JW: In a literal sense, when the Federal Reserve conducts an open-market operation for the banking system, it is not buying bonds at all, but merely exchanging non-interest bearing debt -- the equivalent of cash money -- for the interest-bearing bonds in the portfolios of the commercial banks. When a private investor buys a government bond, he pays for it with money earned through his own production. When the Fed buys a government bond, it pays for it with "cash" it creates out of thin air, what Professor Robert Mundell many years ago described as "ink money," in that it appears with the stroke of a pen. In common parlance, this is known as "printing money," although most money created by the U.S. government is not printed at all, but created via Fed exchanges of ink money for government bonds. If private investors tried to buy up all the U.S. government debt, bonds would skyrocket in price. This would not be a good sign for the U.S. economy, as it would indicate investors are fleeing the stock market. This is what happened in the Great Depression, when equities collapsed and bonds soared. If the Fed tried to "buy up" all the U.S. debt with its "ink money," which constitutes the monetary base, you can readily see the value of government debt and all dollar assets would collapse. The monetary base would go to roughly $4 trillion from $444 billion.DOLLAR/INFLATION CORRELATION
Q: Isn't a decline in the dollar's foreign exchange value always inflationary?

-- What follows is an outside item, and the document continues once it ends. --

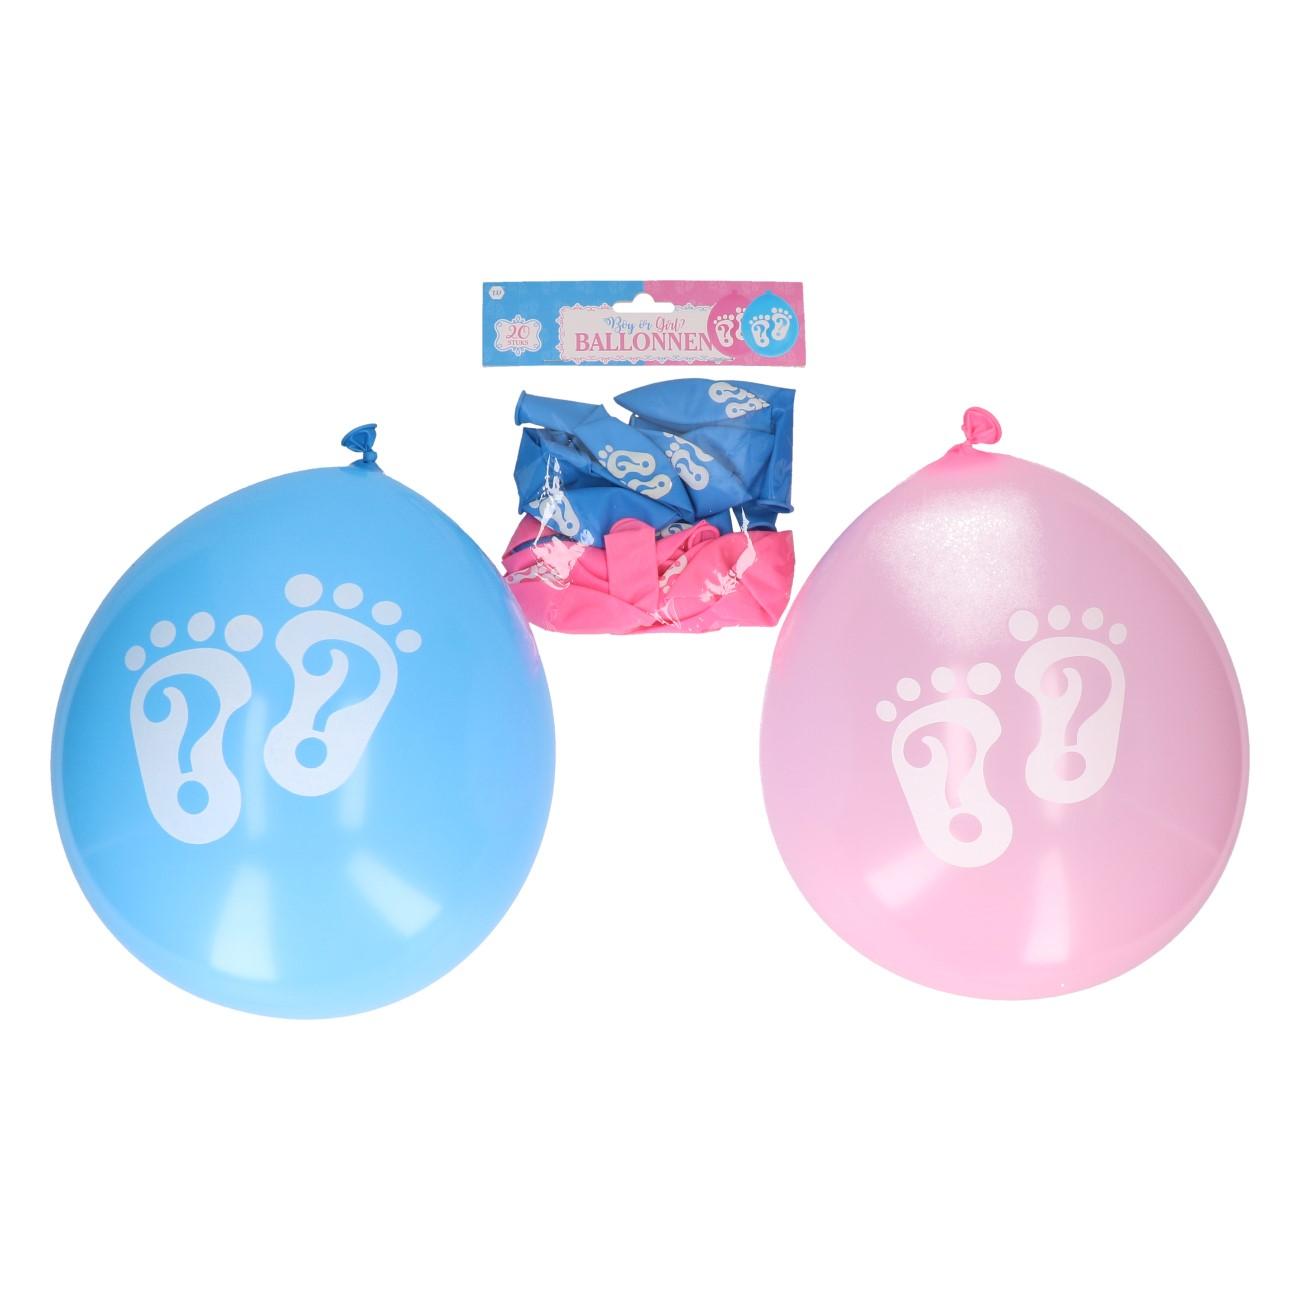 """Ballonnen """"boy or girl"""" 20 stuks"""

JW: No, although this one is. Inflation only occurs when the dollar loses value relative to gold, which for almost three millennia has been the world's primary monetary benchmark against which other metals and paper money have been measured. President Nixon's "floating of the dollar" in 1971 did not suddenly end the 3000-year-old habit of private citizens measuring the performance of their government's money against gold. Governments that depart from gold are punished. Those who depart from it greatly are punished greatly. The dollar's value in foreign exchange tells us nothing more than what it will buy against other paper monies. In a floating rate regime, the overriding factor in currency relationships is the monetary policy pursued independently by individual central banks. In a very real sense, the dollar's exchange rate is the intersection of net errors by the Federal Reserve and foreign central banks in hewing to the gold benchmark. Prior to its recent plunge, the dollar had already declined substantially against both the yen and Deutschemark with no apparent impact on U.S. inflation. That's because, until recently, the dollar's value primarily reflected the ability of the Greenspan Fed to keep gold steady at $350, while the yen and DM were deflating. The government was rewarded by the bond market with low interest rates. The dollar's decline this year to $385-390 gold was accompanied by decline against the yen, DM and the bond markets of those countries, as they stabilized against gold. The correlations are not precise from day-to-day, because the markets must constantly guess at the direction of government policies, but over weeks and months gold is the overwhelming determinant on currency value.